EDFA DESIGN AND ANALYSIS FOR WDM OPTICAL SYSTEMS BASED ON MODAL MULTIPLEXING

DOI:

https://doi.org/10.1590/2179-10742017v16i1882

Keywords:

Erbium doped fiber amplifier, few-mode fiber amplifiers, genetic algorithm, spatial division multiplexing

Abstract

Modal multiplexing (MDM) is a core technology to allow a capacity increase in modern optical systems. However, in MDM links, the amplified WDM signal suffers not only from lack of spectral gain equalization but also from unequal modal gain. The proper design of the MDM-EDFA is crucial to provide modal gain equalization and to overcome those impairments, thereby ensuring long haul transmission.  In this paper, our methodology of project EDFA design for MDM-WDM systems is presented. The technique is based on a figure of merit arising from the rate and propagation equations which describe the EDFA behavior.

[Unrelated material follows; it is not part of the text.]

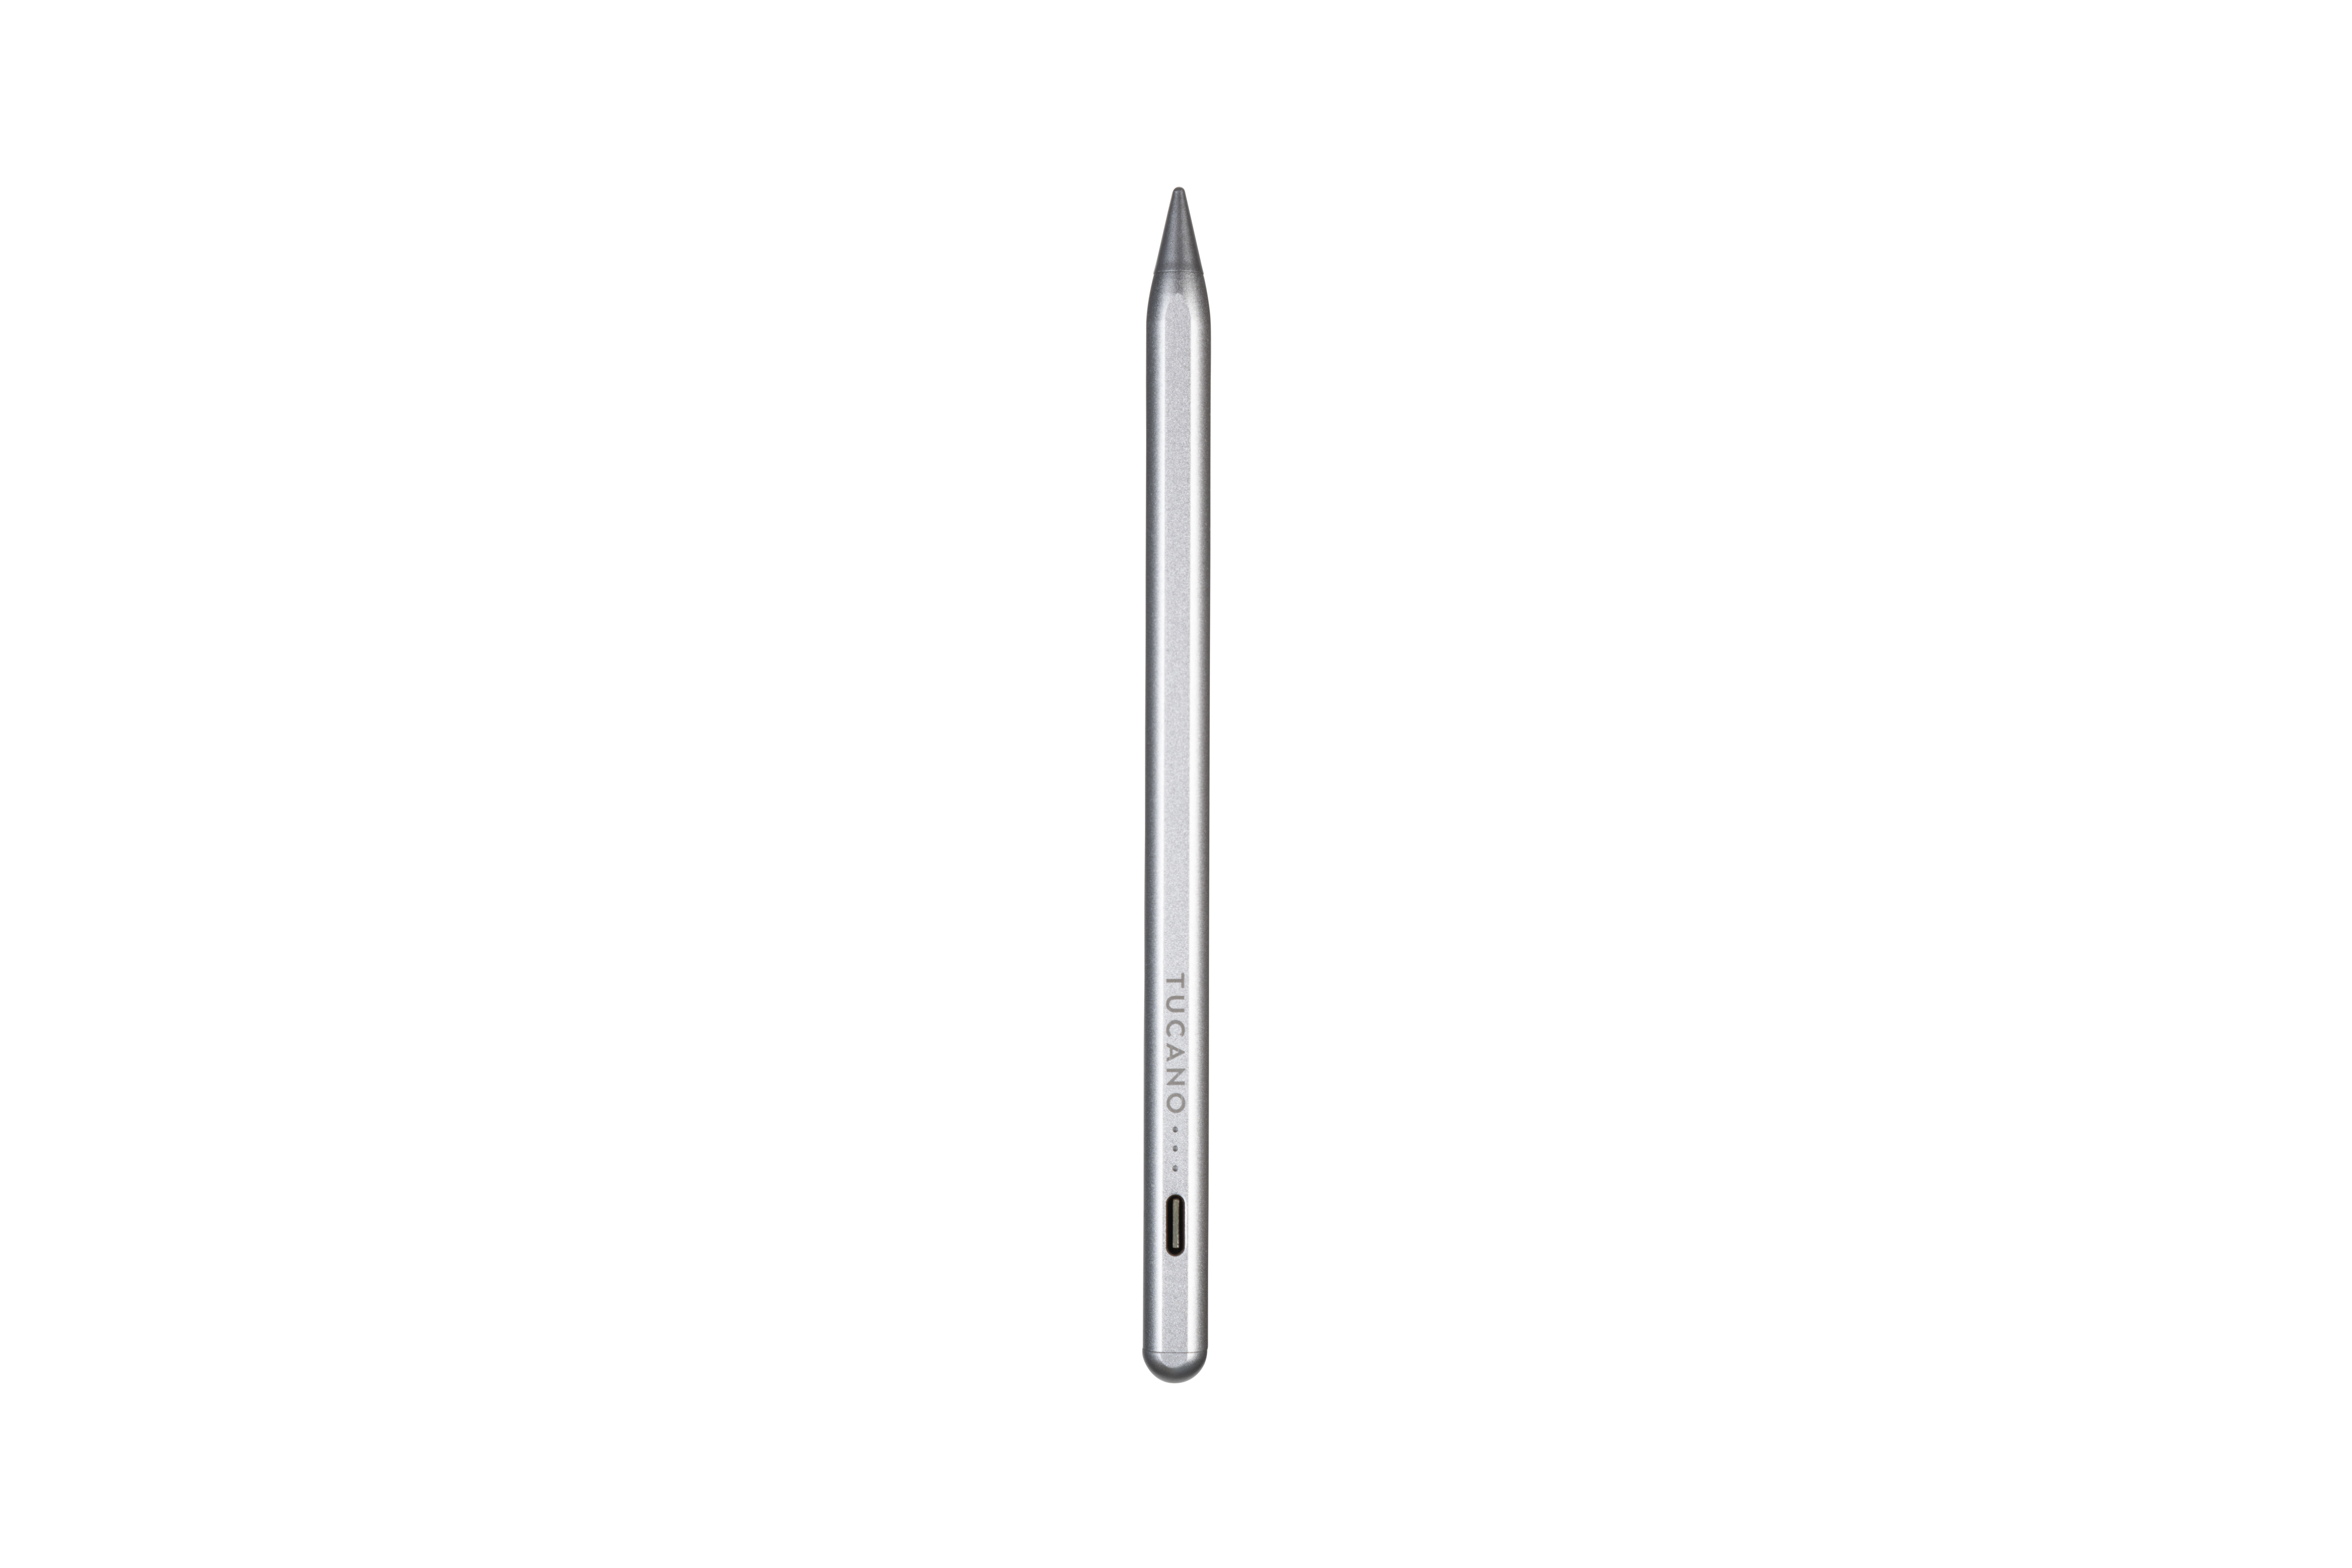 Tucano Pencil Active Digital Pen for iPad - Silver

This figure of merit is then used for the definition of the objective functions employed in the optimization step, which is based on the non-dominated sorting genetic algorithm NSGA-II. Finally, the method is applied to demonstrate gain equalization through the simulation of a WDM optical system composed of two group modes (LP01,s and LP11,s) with up to 16 channels in each mode. It is demonstrated that, for a MDM-WDM system with optimized EDFAs, the differential spectral gain is the main cause of non-equalization of the amplified signal.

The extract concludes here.